[Start of section]
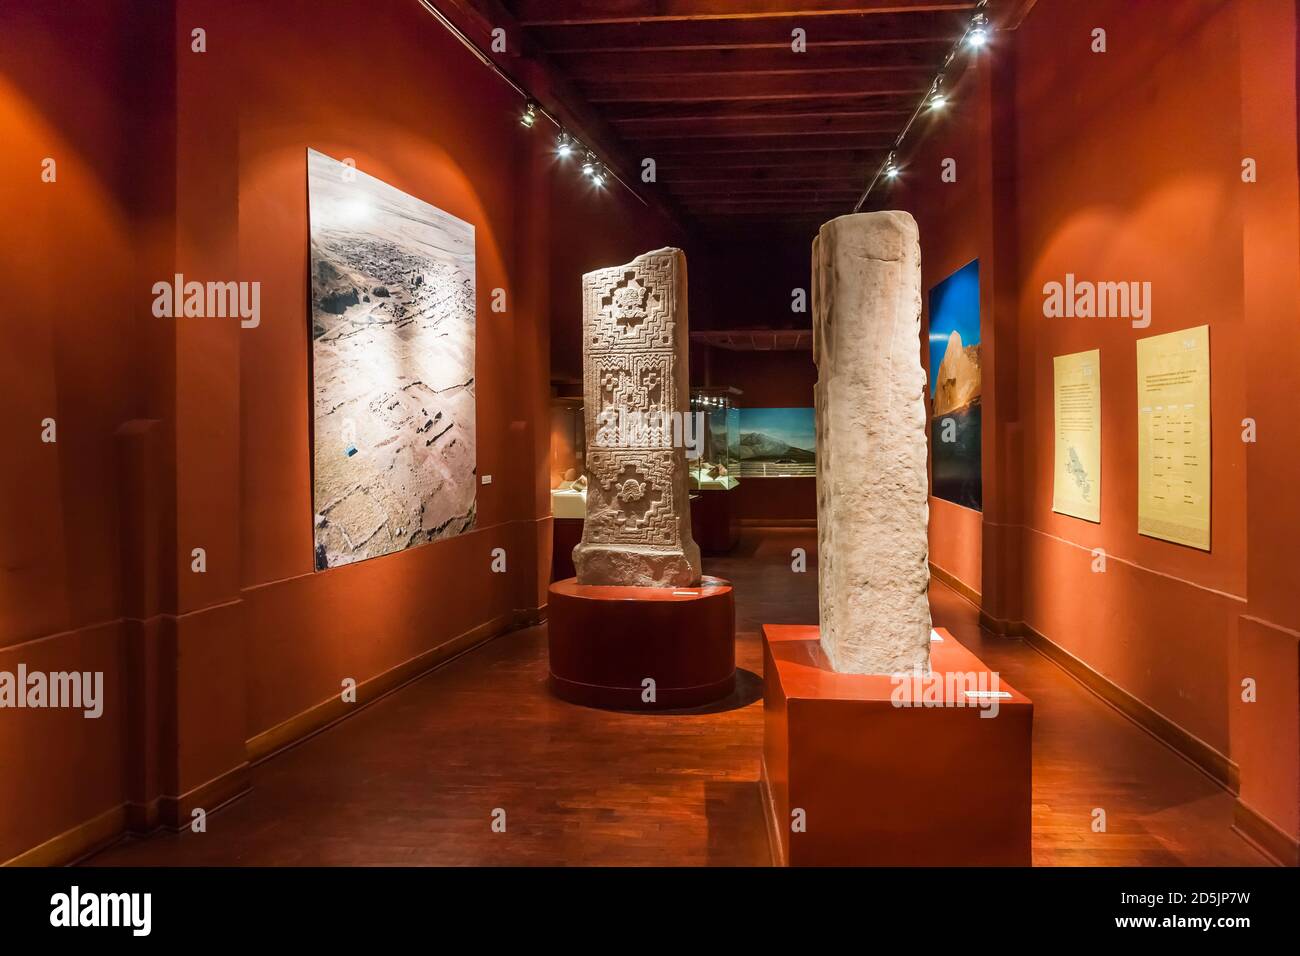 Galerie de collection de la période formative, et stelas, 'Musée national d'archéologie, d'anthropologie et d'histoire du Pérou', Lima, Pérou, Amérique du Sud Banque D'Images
[End of section]
[Start of section]
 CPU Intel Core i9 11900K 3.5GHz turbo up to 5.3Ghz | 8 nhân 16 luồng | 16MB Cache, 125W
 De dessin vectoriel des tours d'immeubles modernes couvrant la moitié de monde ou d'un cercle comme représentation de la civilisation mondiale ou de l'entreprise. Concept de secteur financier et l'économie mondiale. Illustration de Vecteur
[End of section]
◆ **PROBLEM TO WORK ON**: Copy out precisely the lines from the line with "CPU Intel Core" to the line with "De dessin vectoriel" in the material above, including those two lines and omitting all the rest.

◆ **TASK OUTPUT**:
 CPU Intel Core i9 11900K 3.5GHz turbo up to 5.3Ghz | 8 nhân 16 luồng | 16MB Cache, 125W
 De dessin vectoriel des tours d'immeubles modernes couvrant la moitié de monde ou d'un cercle comme représentation de la civilisation mondiale ou de l'entreprise. Concept de secteur financier et l'économie mondiale. Illustration de Vecteur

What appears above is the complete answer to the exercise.